Или же к автопортрету. Потому что эти четыре строки, безусловно, наводят на мысль о некоторой личной перспективе. Характеризуется она не столько физической дистанцией, с которой автор смотрит на Эвридику, сколько психологической, с которой она воспринимается в данный момент и воспринималась прежде. Другими словами, сейчас, как и прежде, она объективируется, и чувственность этого объекта ограничивается его поверхностью. И хотя, возможно, было бы полезнее приписать этот взгляд Орфею, таким образом защитив Рильке от критиков-феминисток, позиция, с которой ведется наблюдение, несомненно принадлежит рассказчику. Самое явное на то указание — «аромат и остров широкого ложа», объективирующее и в буквальном смысле изолирующее героиню. Но достаточно было бы и слов «та светловолосая женщина», поскольку жена нашего пра-поэта могла быть только темноволосой.
С другой стороны, правдоподобие и боязнь анахронизмов — это наименее существенные заботы при пересказе мифа, ибо его временн`ые рамки перекрывают пределы и археологии, и утопии. Кроме того, здесь, приближаясь к концу стихотворения, автор стремится исключительно к повышению тона и размытию фокуса.
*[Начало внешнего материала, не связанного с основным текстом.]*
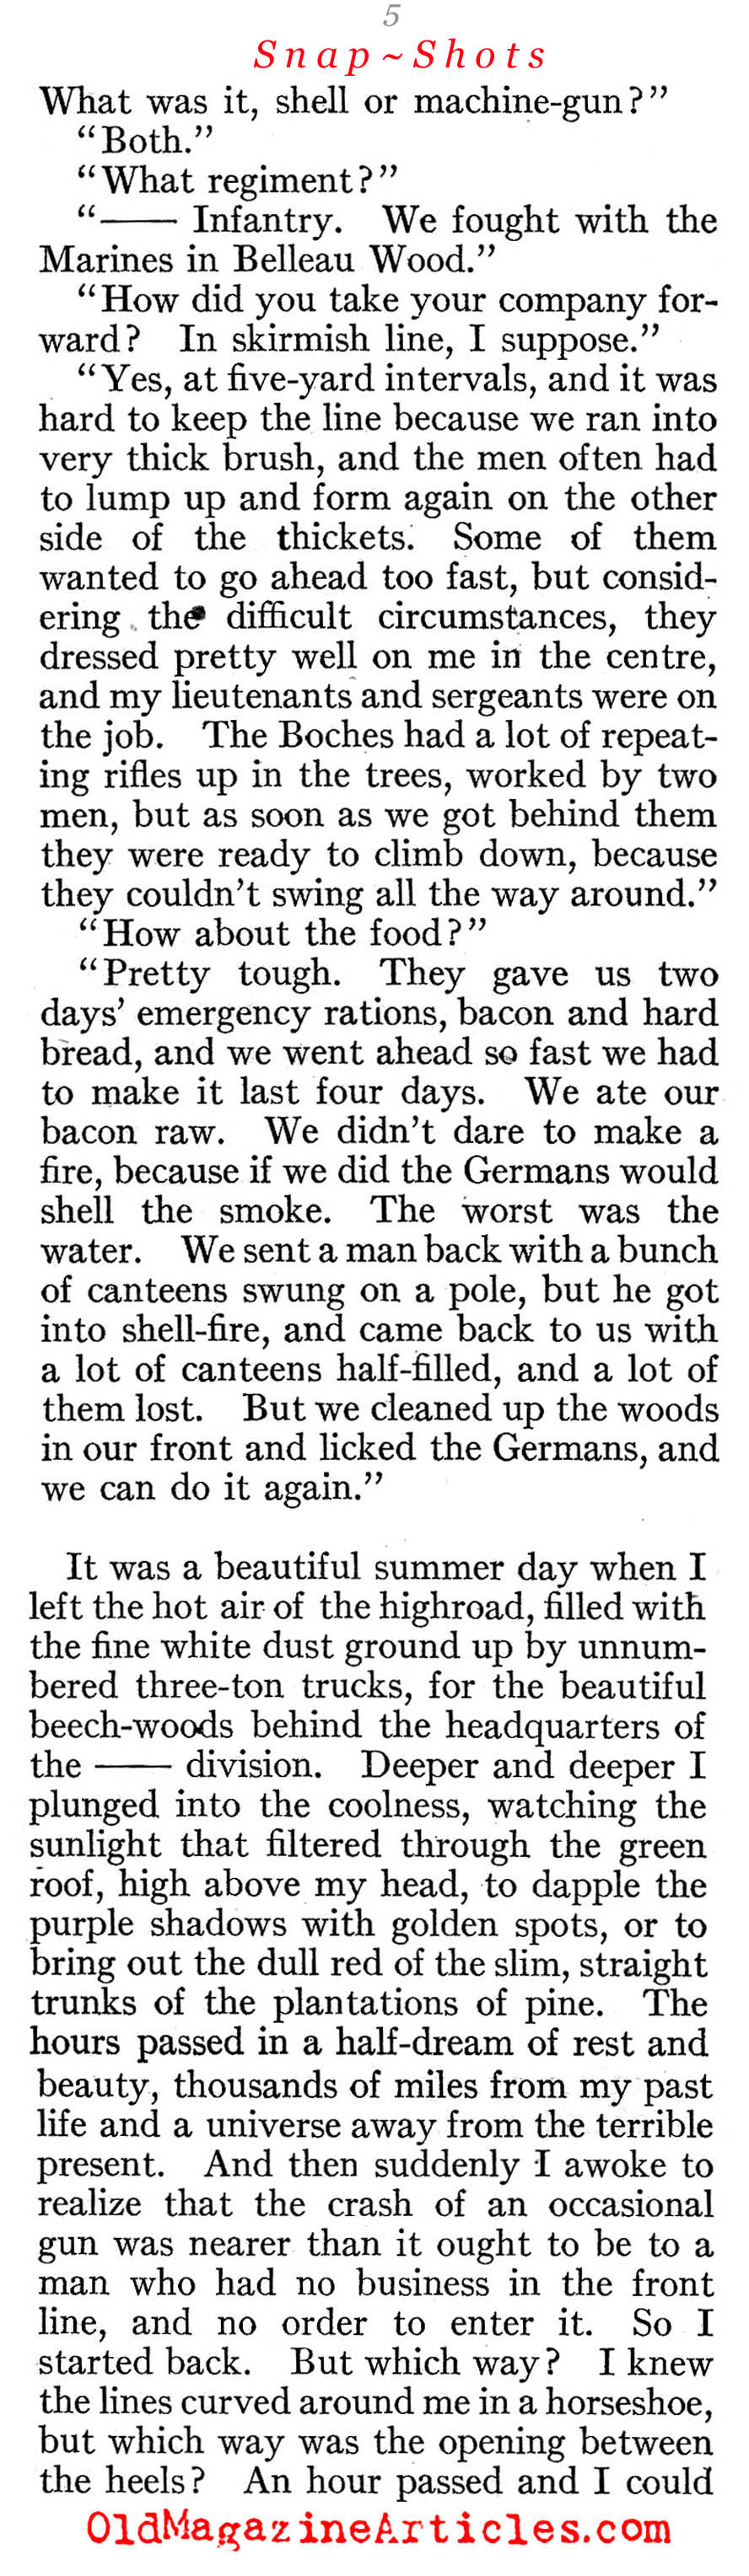 Scenes From The War (Scribner's Magazine, 1919)

Последнее, несомненно, имеет целью увидеть Эвридику глазами Орфея: если она вообще видна, то видна издалека.
И здесь Рильке дает нам самую гениальную во всей истории поэзии цепочку из трех сравнений, и все они связаны как раз с потерей фокуса. Точнее говоря, они связаны с отходом в бесконечность. Но прежде всего они связаны друг с другом:
Она уже была распущена, как длинные волосы,
и раздана на все стороны, как пролившийся дождь,
и растрачена, как изобильные запасы.
Волосы — по-видимому, все еще светлые, распускаются — по-видимому, на ночь — по-видимому, означающую ночь вечную; их пряди — по-видимому, седеющие, становятся дождем, затмевающим своими подобными волосам нитями горизонт до такой степени, что он превращается в отдаленное изобилие.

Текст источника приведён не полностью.